Getting a new boss can be nerve wracking, since a new boss can impact how you like your job going forward. Many things could stay the same or change. It’s that uncertainty that can unnerve you. While you may not be able to control how getting a new boss will change your work life overall, there are things you can do, and not do, to put your best foot forward with this new boss. By following the tips below, you can build a great first impression with your new boss, and set a good foundation for a positive relationship going forward.
What to Do
- Be open minded about your new boss – You may hear from other people about what this new boss will be like, but it’s best to make an assessment once you’ve met and worked with your new boss. Any preconceived notions about your boss may leave you prematurely biased. Give your new boss a chance to show you what he/she will be like.
- Be a resource to your new boss – It can be overwhelming for any person to step into a new boss role. This person will need some time to get up to speed. It’s in your interest to become a resource to your boss in helping him/her get up to speed. Put together summaries of your work/outstanding issues, and try to spot opportunities where you can help your new boss get up to speed if needed.
- Gauge your boss’ management style and adapt to it – Every person has their unique management style. Your old boss and new boss may have very different styles. For example, your old boss may be very hands off, and your new boss may want more detailed updates and communication about your progress. It’s important not to assume what your boss’s management style is. Ask your boss what he/she perfers in terms of communication and issue escalation, and adapt your work style accordingly. It is in your best interest for your boss to perceive you as someone that is easy to manage.
- Proactively ask your boss about expectations of your role – Even though you might have been working at this job for a while before getting this new boss, it’s important to proactively schedule a career/job expectation meeting with your boss. The agenda can include:
1. Communicate and align expectations about my responsibilities
2. Get advice on my career path.
It’s important to make sure your boss and your old boss share the same expectations regarding your responsibilities. They might change, so this is when you can find out for sure. Also, by positioning yourself as asking for advice, you are subtly complimenting your boss, and you can find out how supportive he/she is regarding your career progression with this company.
- Keep working and performing – Just because your boss is still settling in, doesn’t mean you should stop and wait for his/her direction on work that is already in progress. Keep working, and keep your boss in the loop for feedback. Unless he/she provides direct feedback for you to stop or change what you are working on, continue the course of your work.
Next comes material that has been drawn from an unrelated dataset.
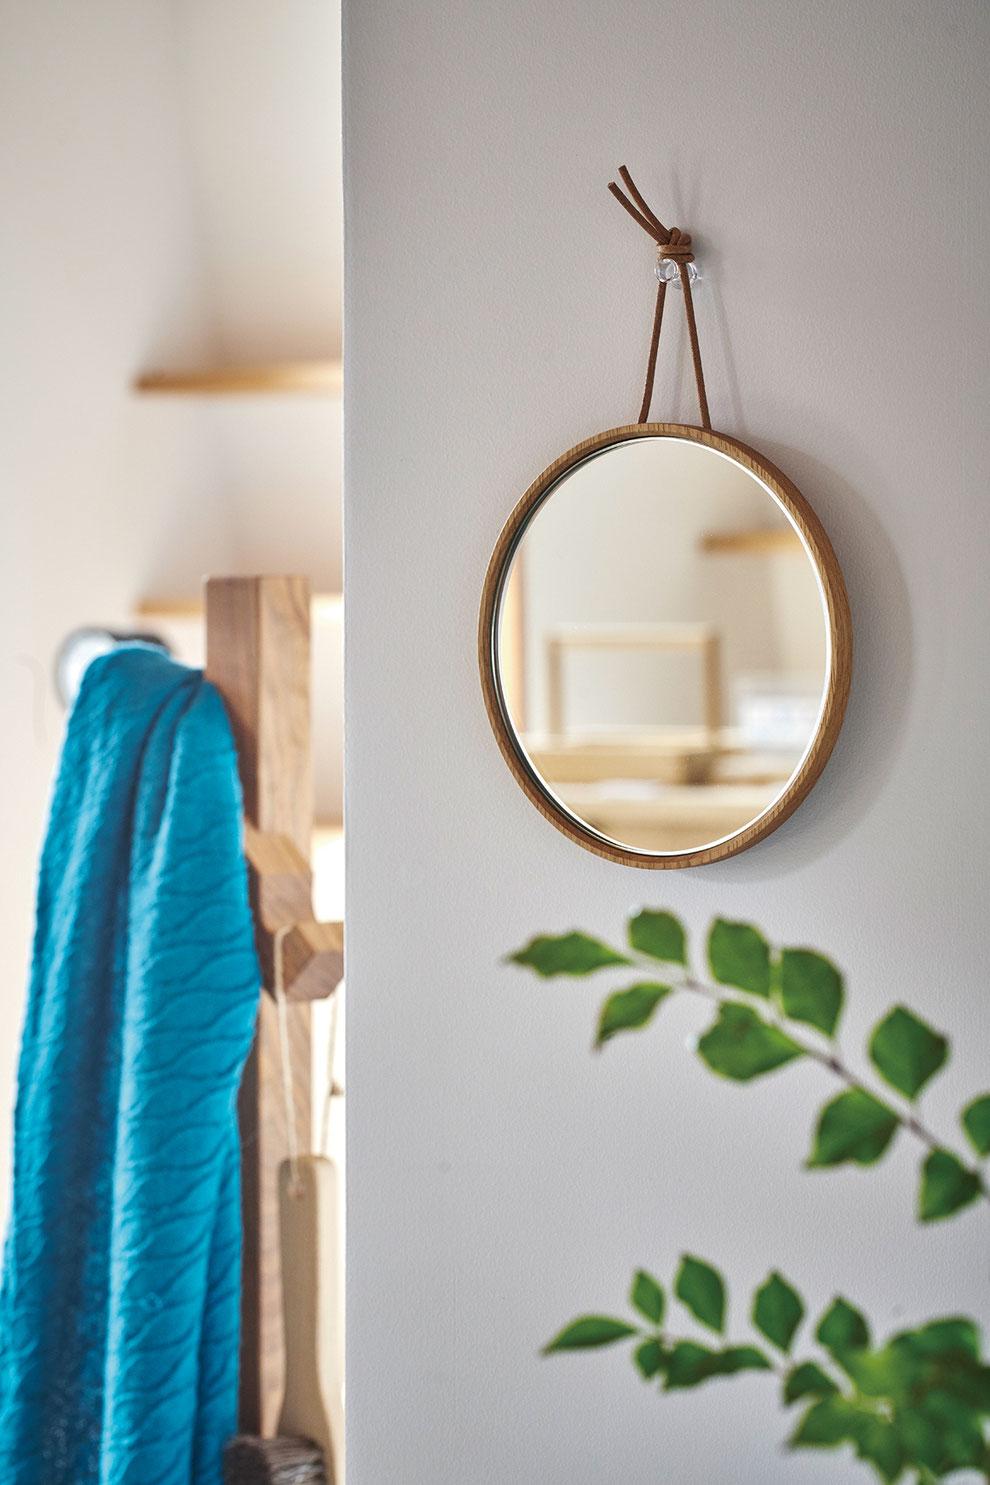 クラスコファニチャー オリジナル家具 壁掛けミラー ミラー 無垢材 オイル仕上げ
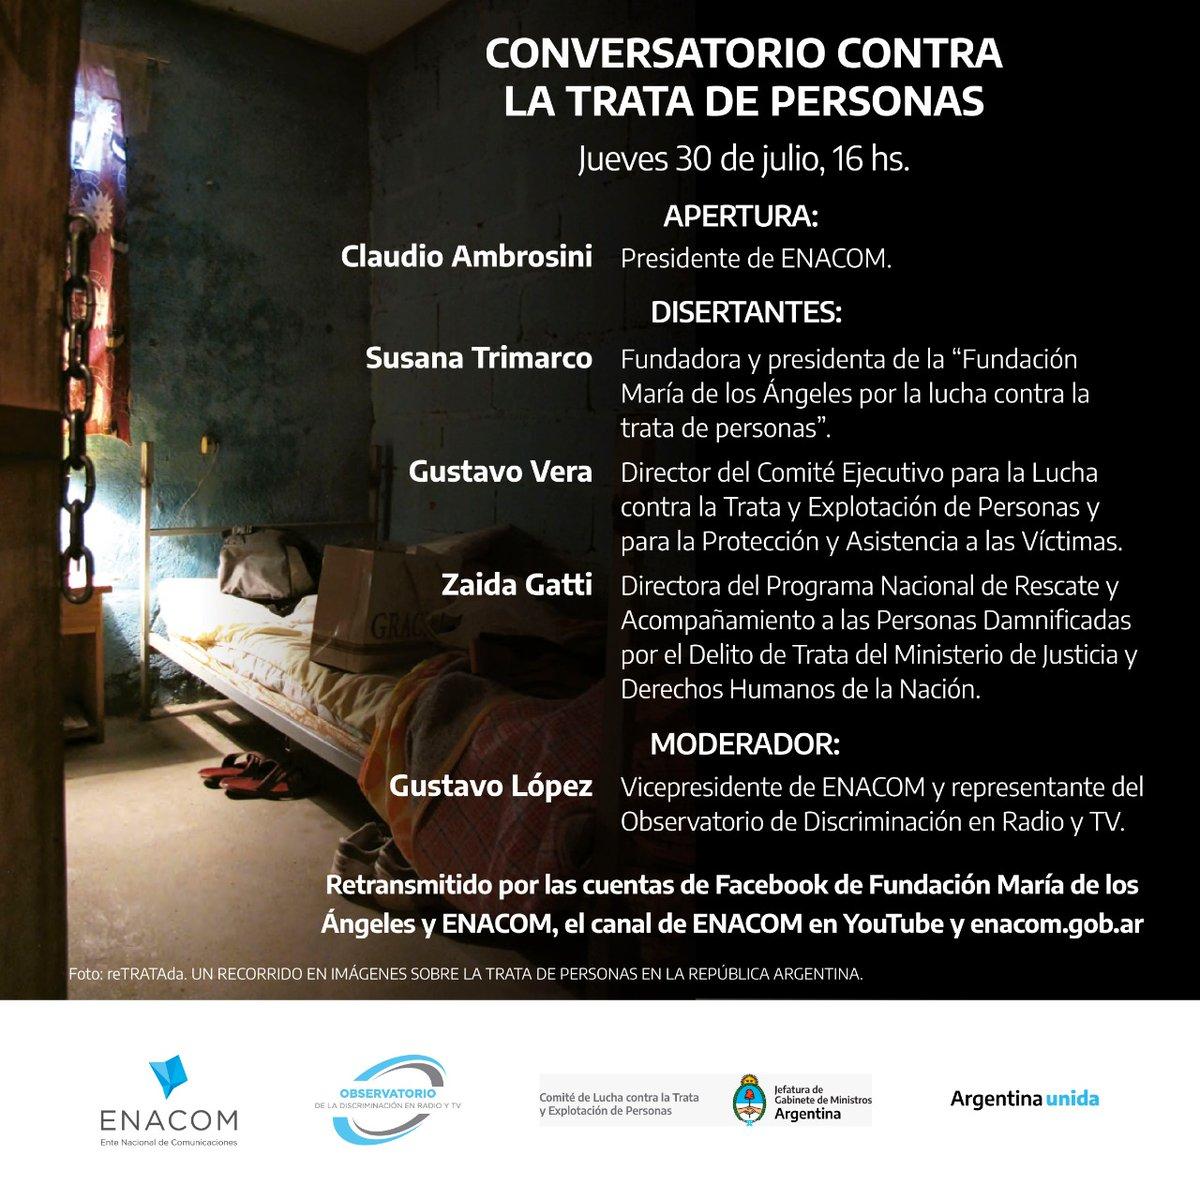 Los invitamos a participar de este conversatorio contra la trata de personas que será transmitido online. Pueden encontrar toda la información en la foto. https://t.co/ImvVptn6Fb

Also make sure that your boss knows what you are working on, your progress, and any potential issues.
- Don’t expect your boss to know your value – Even if you had great credibility with your old boss, don’t assume the same with the new one. It’s always better to have low expectations, and assume that you will have to build your reputation from scratch. This way any positive impression he/she already has of you would be a bonus. You just never know how much the old boss communicated with the new boss, if at all. It’s better to assume none and go from there. Getting a new boss is almost the same as showing up at a new job, so act like it and you will be fine.
- Don’t make demands – Whatever your old boss promised you before he/she left, just forget it. Don’t demand that your new boss follow up on whatever your old boss had promised you. You will sound like you are difficult to manage. Instead of making demands, use the meeting with your boss I mentioned in tip 4 above to ask about what you want, and what steps you need to take to get it.
- Don’t listen to rumors – Don’t waste your time listening to the rumor mill about your new boss, or what this change means for you. You will just get more stressed out for no reason. Follow the steps above and approach it with an open mind. It will alleviate stress from uncertainty, and it will help you objectively assess your relationship with your new boss.
- Don’t expect your boss to adapt to you – Just because you were there first, doesn’t mean he/she will adapt to you. If this new boss is good, he/she will not try to change what is working. Ultimately, he/she will dictate how the work is delegated and gets done going forward.
Getting a new boss doesn’t have to be unnerving. It could be a good thing for you! Think of it as a clean slate, especially if the old boss and the new boss didn’t do any transition. You’ll have a chance to do over anything that didn’t work with your old boss. Have a positive attitude, follow the tips above, and you may find yourself enjoying your work even more with the new boss. Good luck!